The ballad of Office Cat

One day last year at work my friend Emily and I heard a rather insistent mewing sound coming from the front door. And by insistent, I mean that we work upstairs and could still hear it. When we went to investigate, we found this:

Ready for work, now just let me in.

As soon as we opened the door the cat trotted in, happy as you like, meowing all the time and rubbing up against us to say hello. After a while, and since we had to get back to work, we coaxed it back outside and regretfully headed back upstairs.

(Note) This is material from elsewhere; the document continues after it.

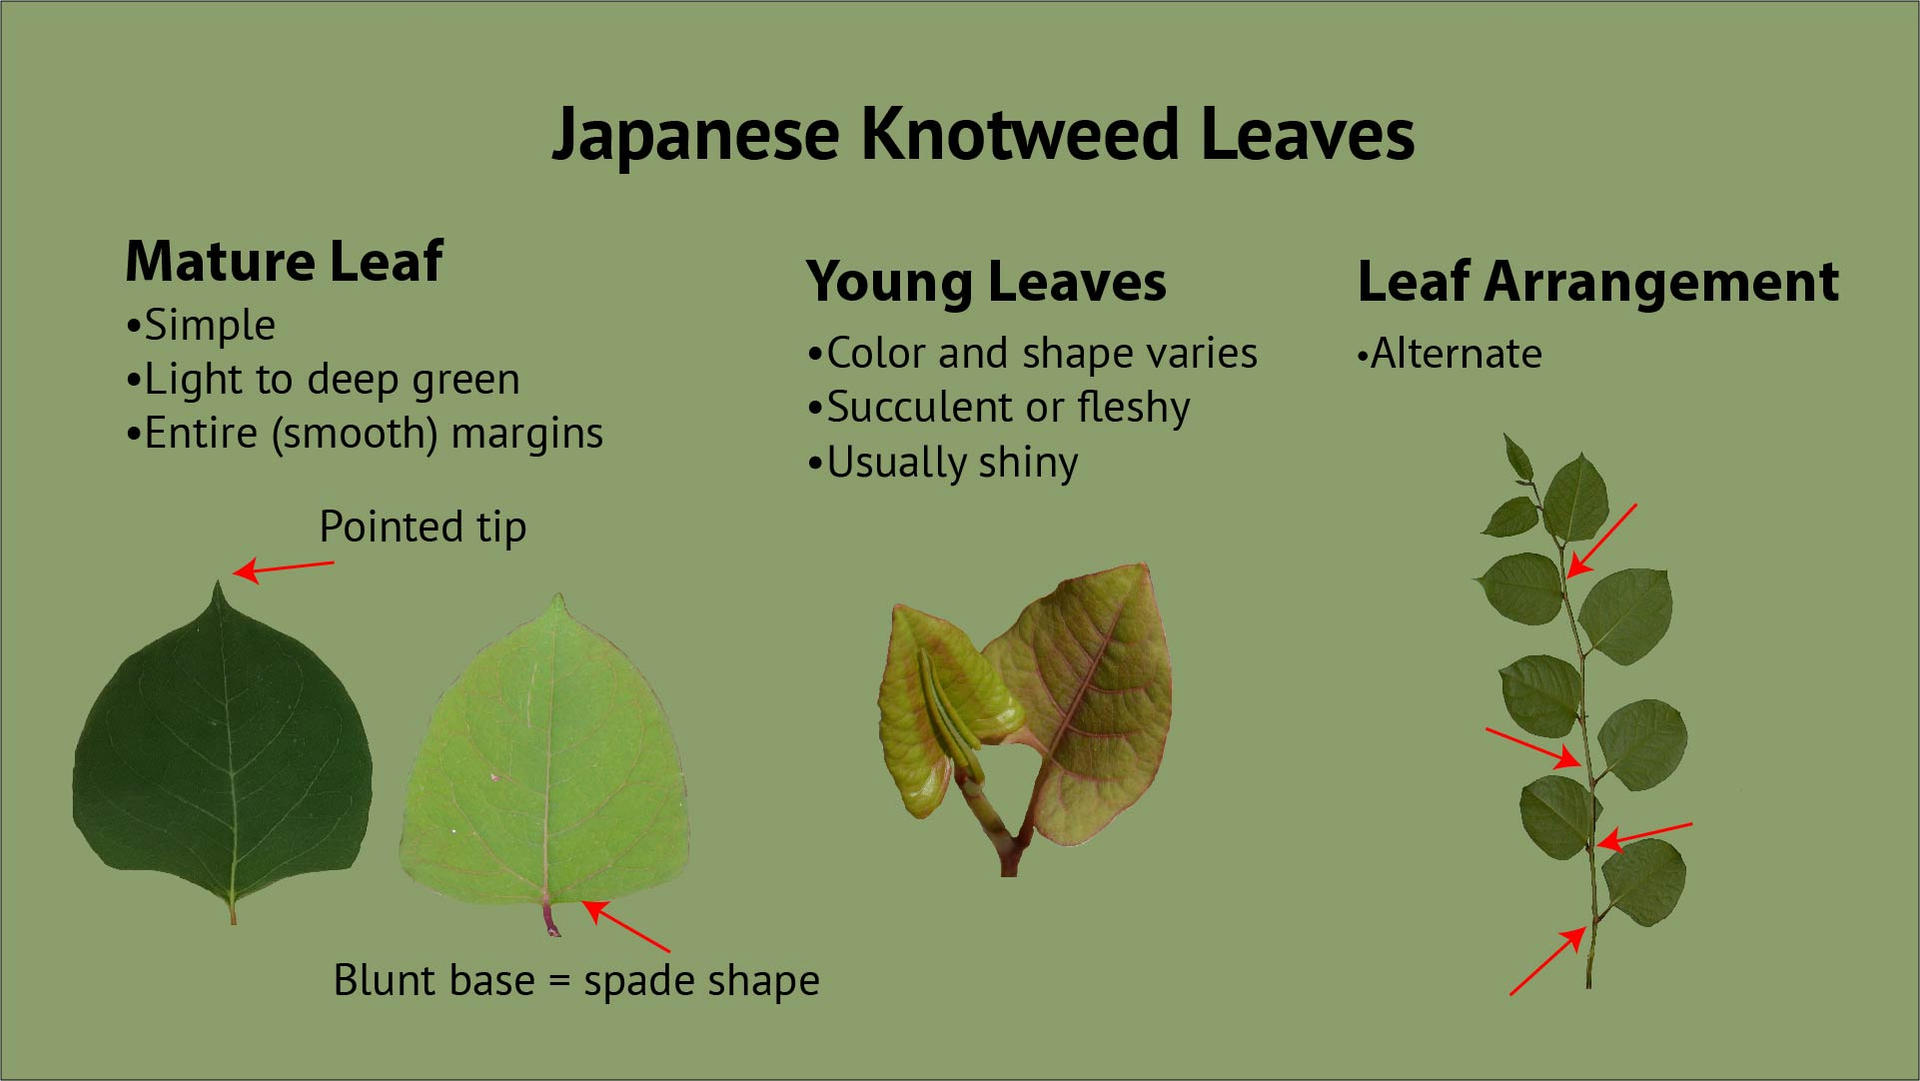 Japanese Knotweed Leaves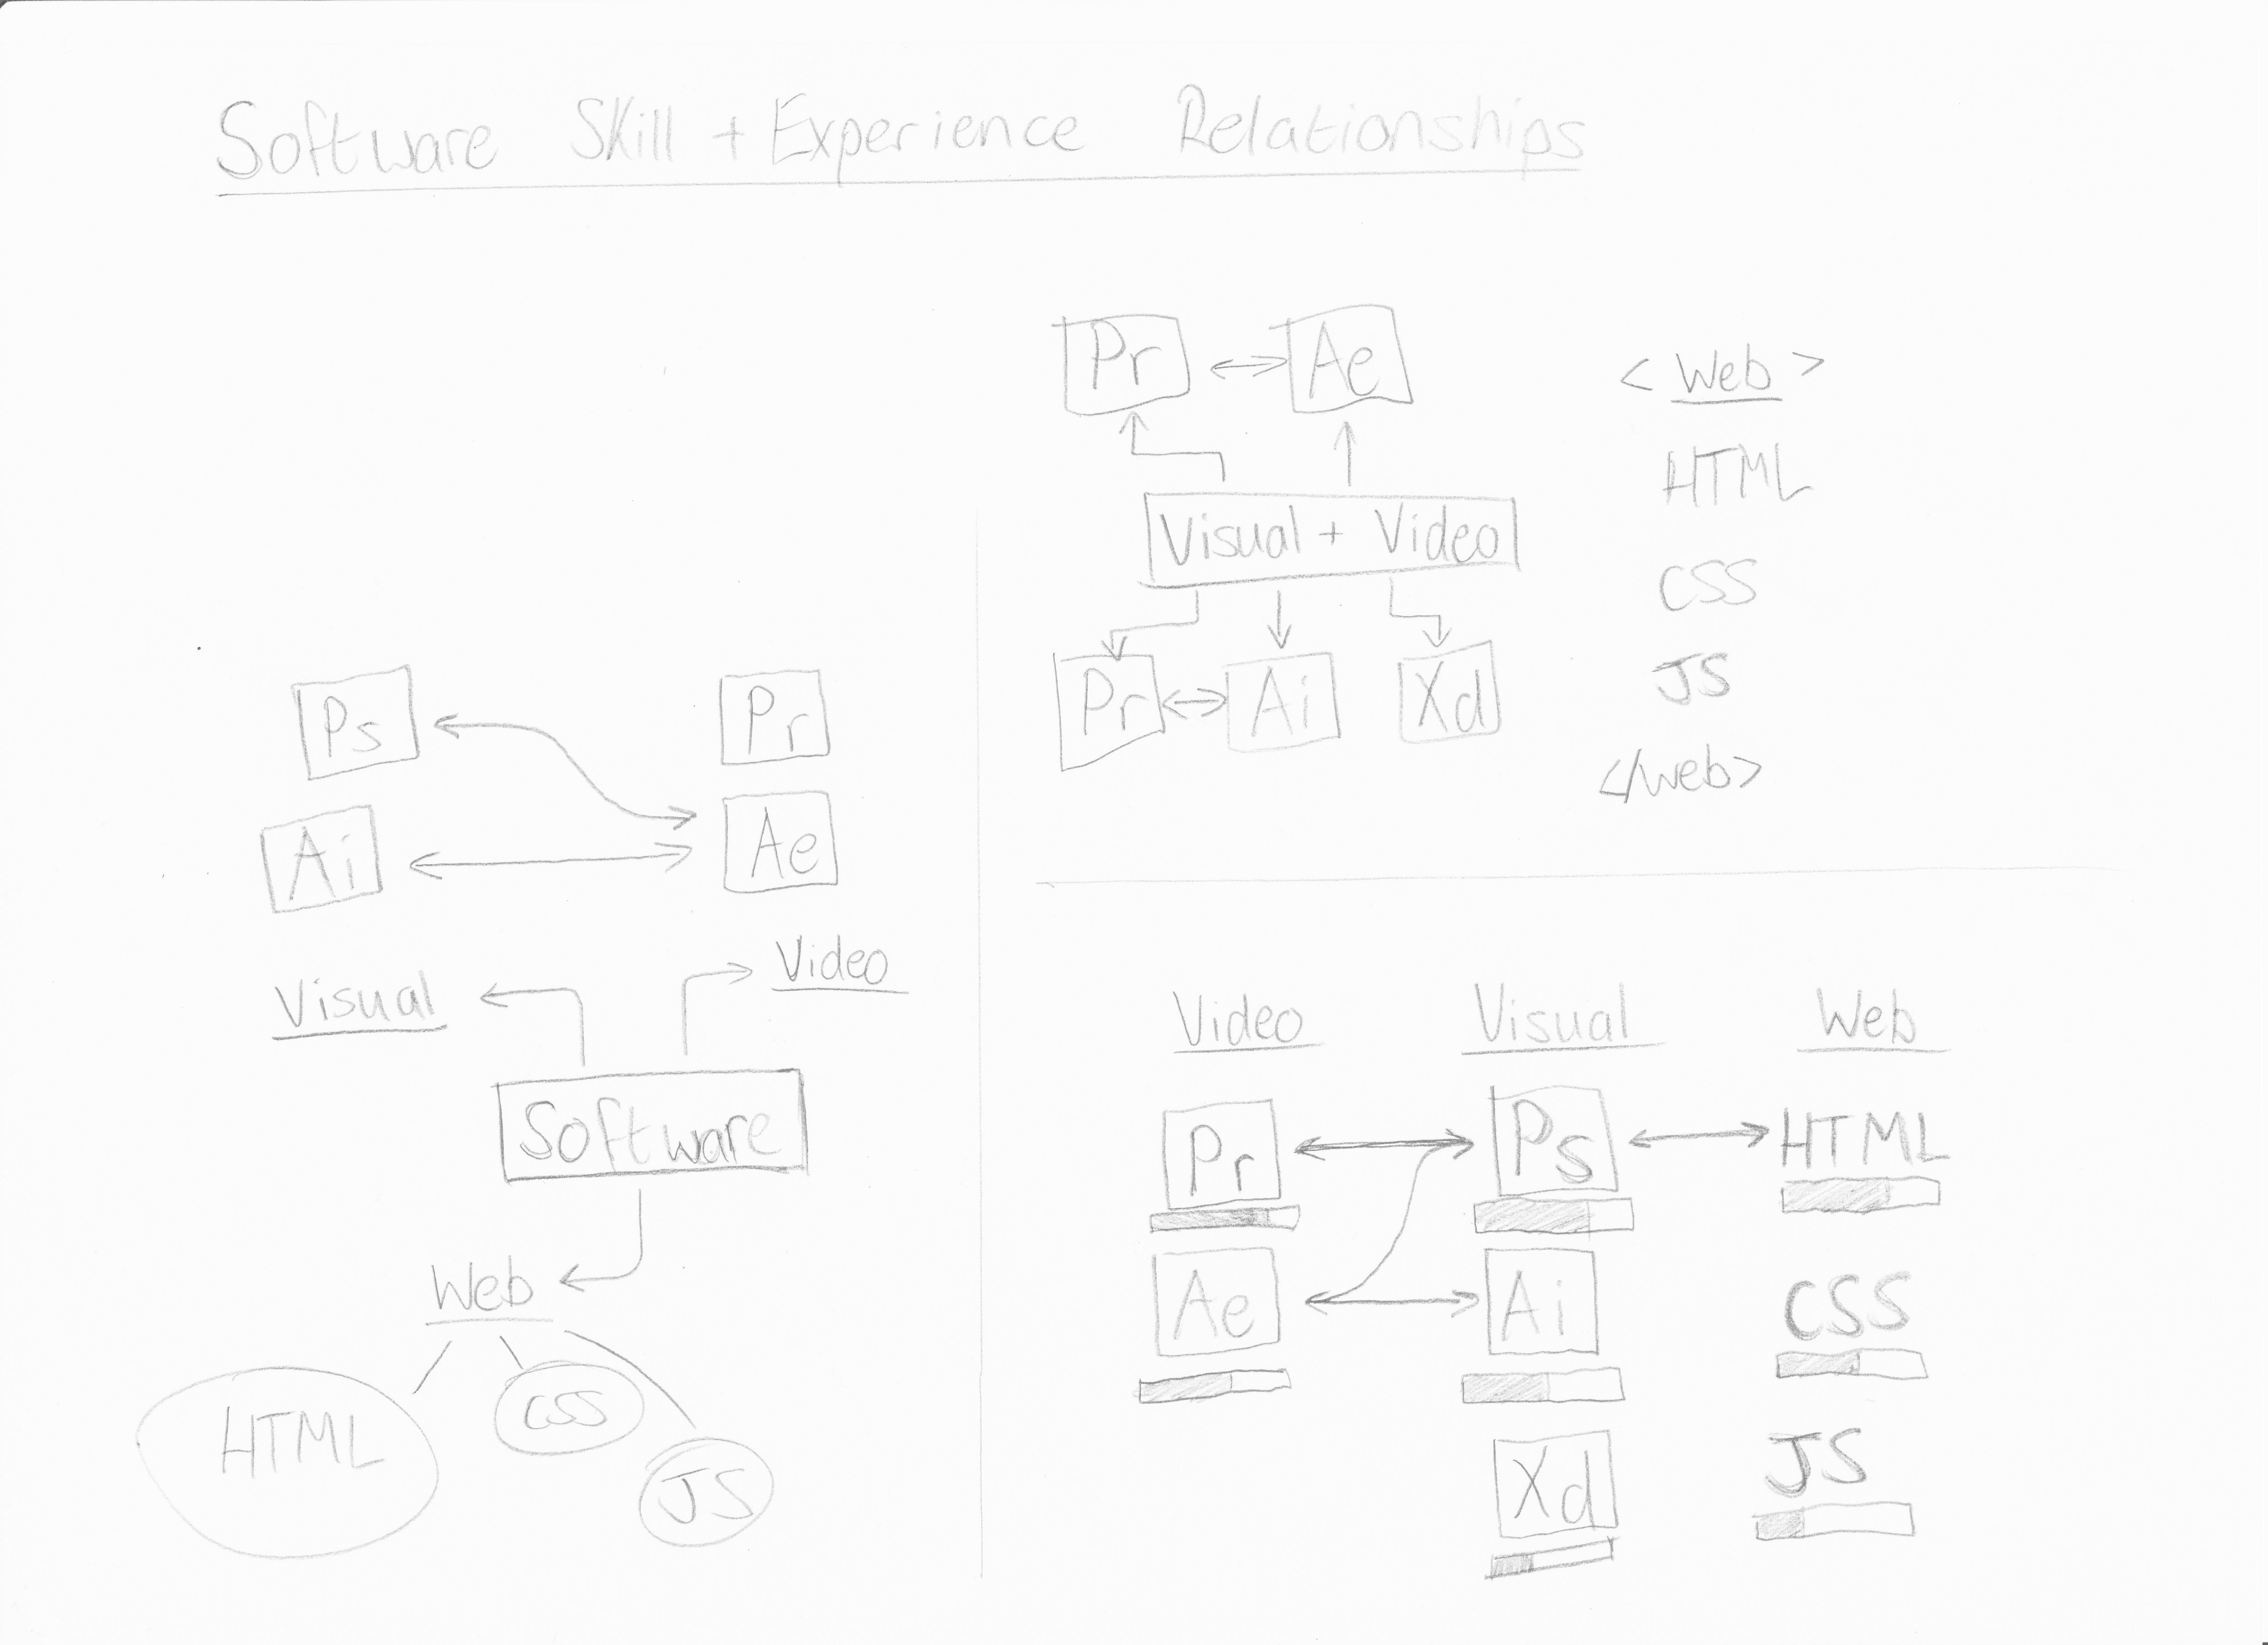 ipad_dashboard_sketch_1

Except things didn’t end there. A couple of days later, the cat appeared again. And again the day after that. It started to jump through the downstairs windows whenever they were left open in order to explore the office and had to be chased out when it stomped over the keyboards in accounting. At lunch time, if you went outside it’d run up to you in greeting, or sleep in your lap…

I am really very hard at work here.

Over time, it learnt when to turn up. I’d arrive each day at ten to nine in the morning to find it waiting at the door, nose pressed against the glass. It started to demonstrate better timekeeping than some of the employees. When we let it in, it’d immediately prance upstairs to the production office, which it would carefully explore to see what had changed from the last time it had visited. All this time the cat would be purring and kneading the floor with its front paws so much that it looked like it was on a rocking boat in a stormy sea. After exploration time to check that everything was to its liking, the cat would usually curl up asleep in the empty chair behind me for the rest of the day:

Just pretend I’m a cushion.

Inevitably, the cat got a name - dubbed Pushkin by our editor. It was evident Pushkin had a home; usually at around half four she would wake up, stretch, and paw at the door to be let out. On a couple of occasions she’d come in having had flea drops put behind her neck, so someone must have been taking care of her – there are houses behind the office which we suspect she came from. We were careful never to feed her, except for the time she pulled a packet of old, stale pitta bread from a bin and delicately munched away the soft upper side of one.

Pushkin was smart too – I was usually the one to let her out when I noticed her scratching at the door from the production office to the stairs. So she figured that she could pretend to stand there so that as soon as I stood up and walked over to open the door, she ran behind me, jumped up on my chair and curled up in a nice warm spot rather than her usual colder throne. I had officially been outwitted by a cat.

She brought tremendous enjoyment to everyone in the office – staff from downstairs would come up especially to see her and to watch her twitching in her chair as she dreamt the day away. Any deadline stress could instantly be cured by a few moments stroking Pushkin. She once spent half an hour sitting on my desk, her nose resting on my wrist, intently watching the mouse cursor dart around the screen as I laid out pages for the magazine. We (okay, I) even built her a castle from a Mac shipping box. You can’t see here the windows and nameplate that were added later:

Every respectable cat needs a castle.

Unfortunately, as I write this we’ll be heading into the fourth week without any sign of Pushkin. The office feels emptier without her. I hope that the reason she’s disappeared is benign – maybe her owners have moved away, or she’s found another place in which to while away the hours. Perhaps there’s another office in Chelmsford that is having their day brightened by a friendly furry visitor. But there’s a lot of traffic in the area, so I can’t help but fear the worst.

You never know, though; maybe one day when I turn into the courtyard at my workplace in the morning, she’ll be sitting there waiting. We’re certainly going to keep the job free for her.